Two years ago, AAA decided to move its headquarters from Philadelphia to Wilmington, DE. Pennsylvania lost over 400 jobs because Wilmington and Delaware officials played the game and offered $7 million to lure them. If it sounds like Art Model and sports welfare, it ain't far off.

You can't force businesses to stay in business, and they often play one city against another, one state against another.

Ultimately, a pro-business attitude and a competitive business tax structure is the only way you can encourage them to come to town.

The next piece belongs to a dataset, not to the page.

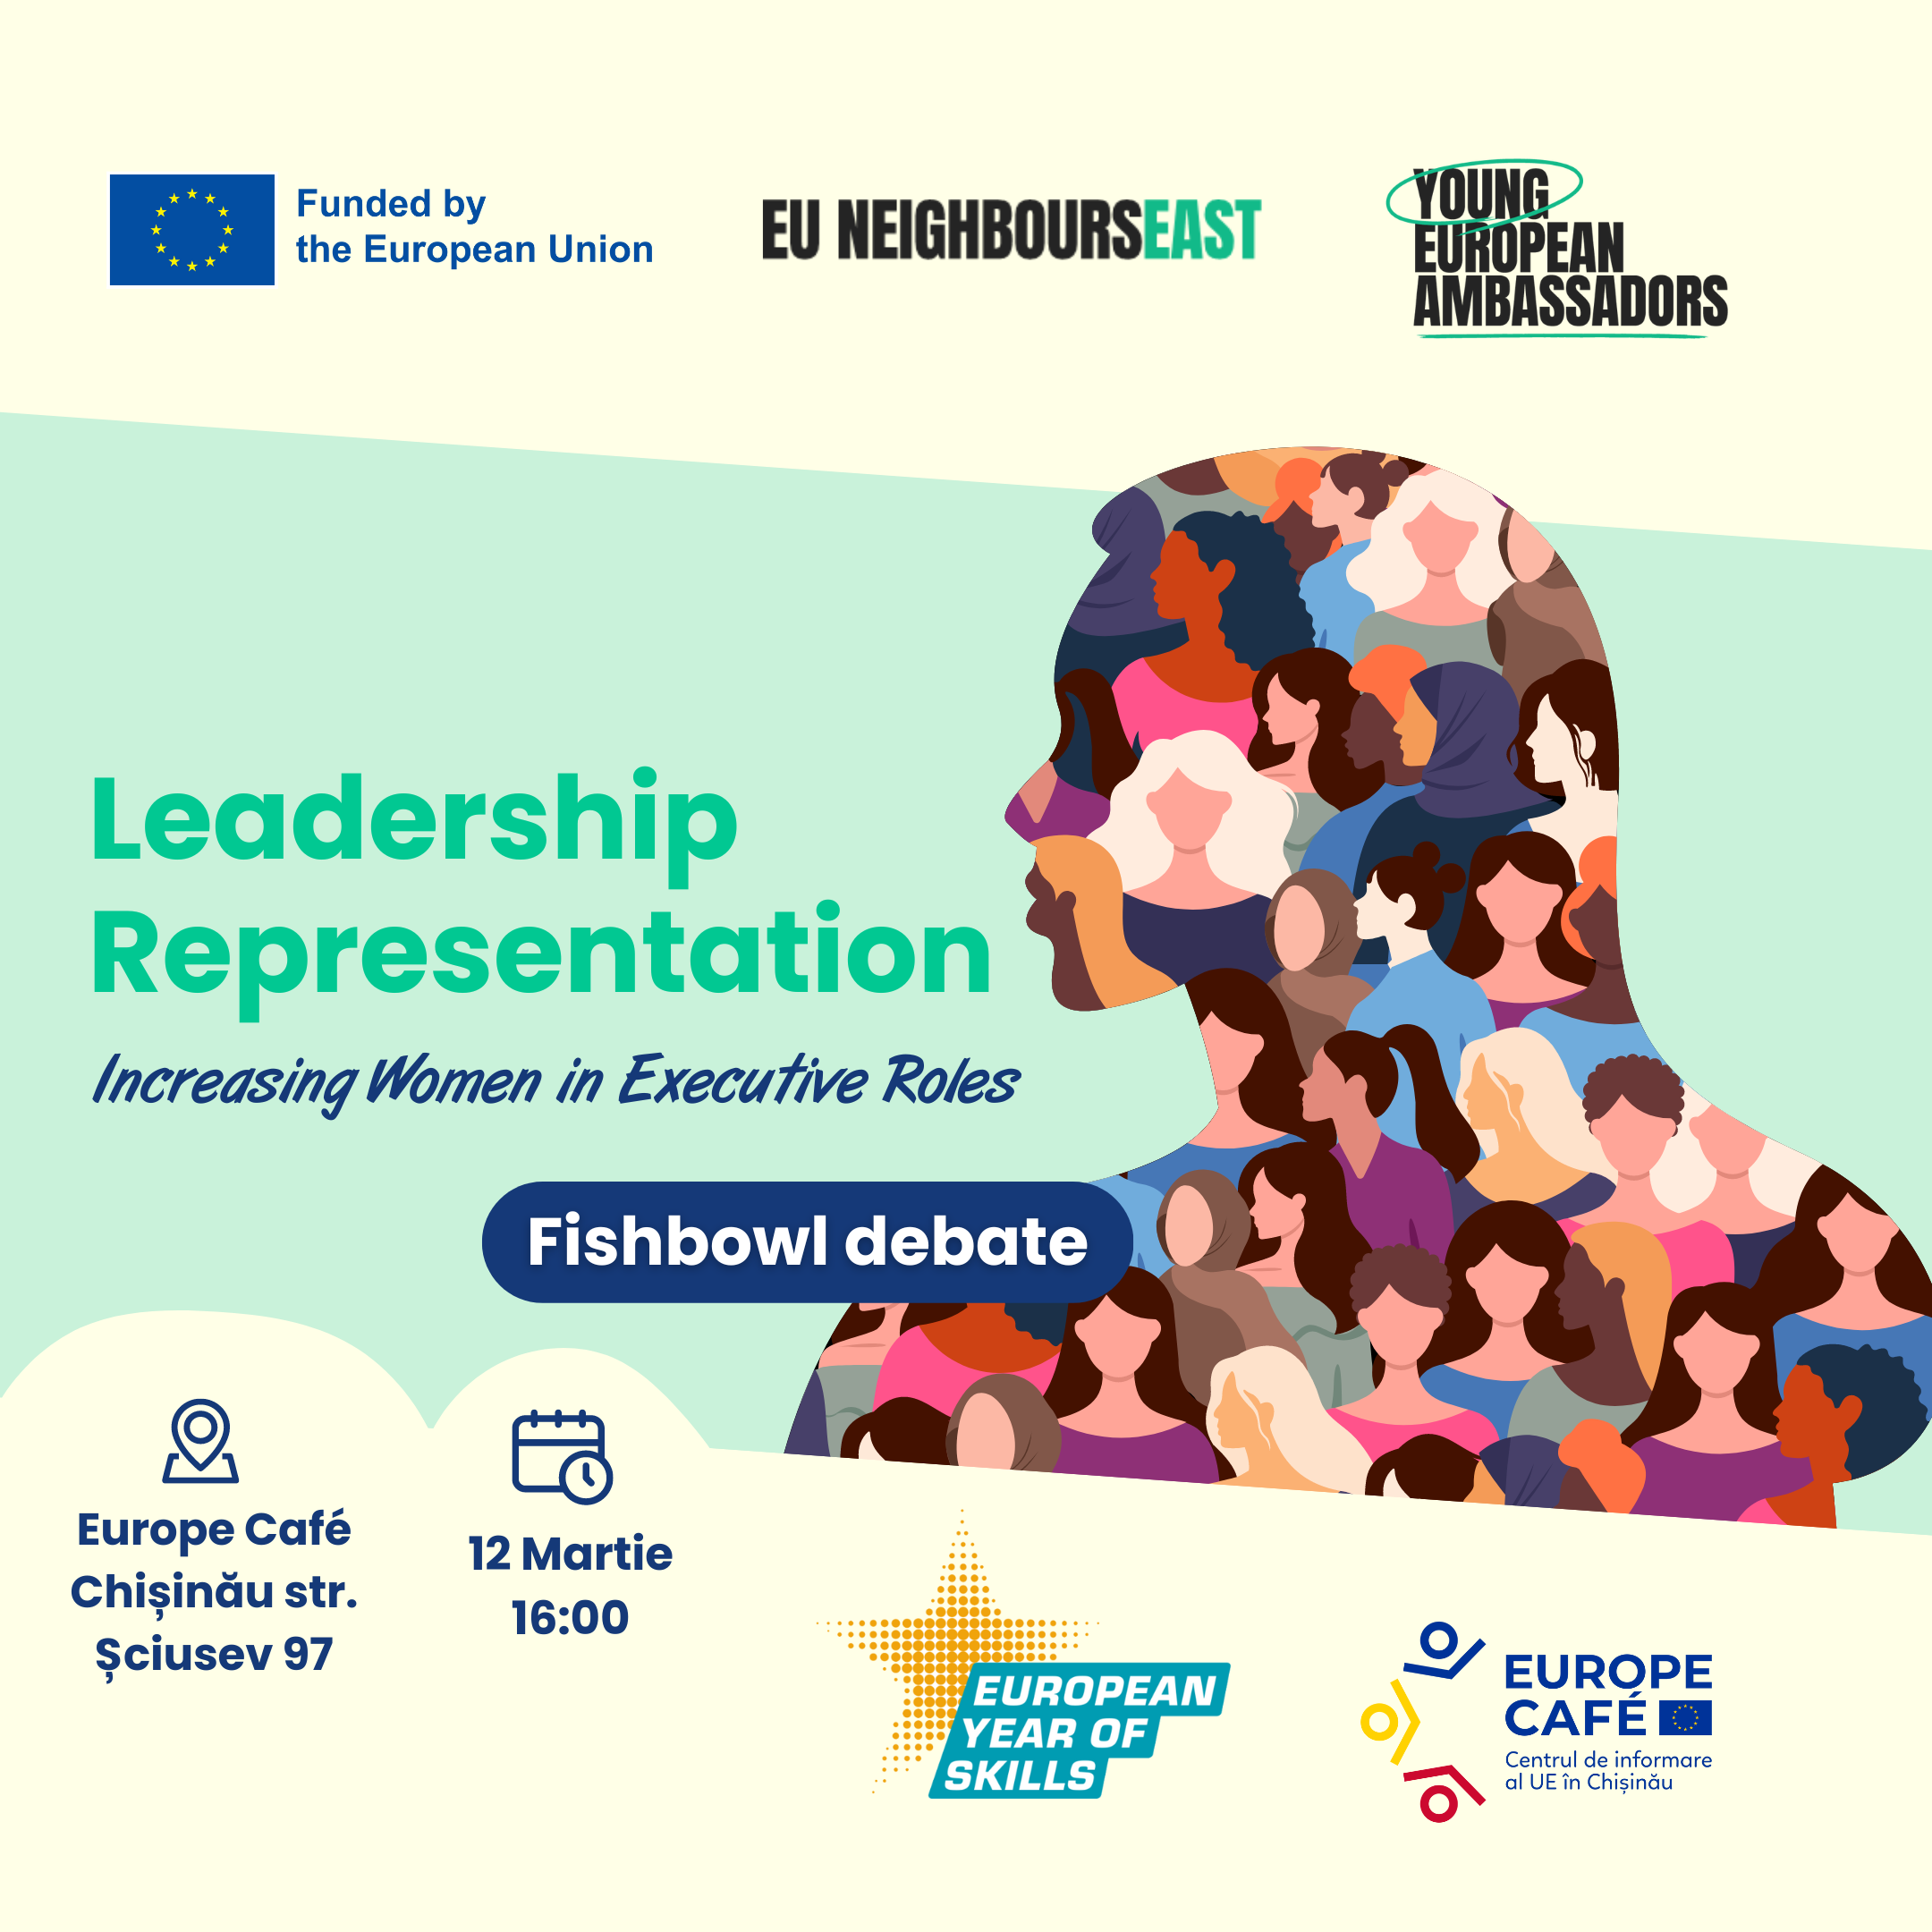 We believe that women's rights are important every day, not just on March 8. Therefore, we invite you to join the discussion initiated by the Young European Ambassadors at Europe Café, on March 12, at 4:00 p.m.

As a real estate agent, I can tell you that companies will start leasing space in Philadelphia -- as an example -- when we reduce or, better yet, eliminate the Draconian wage and business privilege taxes.

John Featherman
Republican Candidate, US Senate-PA
www.featherman.com

AboveAvgJane said...

John,

I wasn't thinking of tax incentives. I was thinking of NOT having a "pay to play" atmosphere where businesses are NOT required to fork over huge sums to local politicians just to do business in the area. I was thinking of working with public transit agencies to make sure that workers can get to and from their job so employers can count on a good reliable employee base, which may help with salaries. I was thinking of making sure the area is clean, safe, attractive, kept up, so that businesses would be interested in moving in -- curb appeal. I was thinking of a stable economic environment so a business moving in doesn't see an empty storefront every other store. Those things.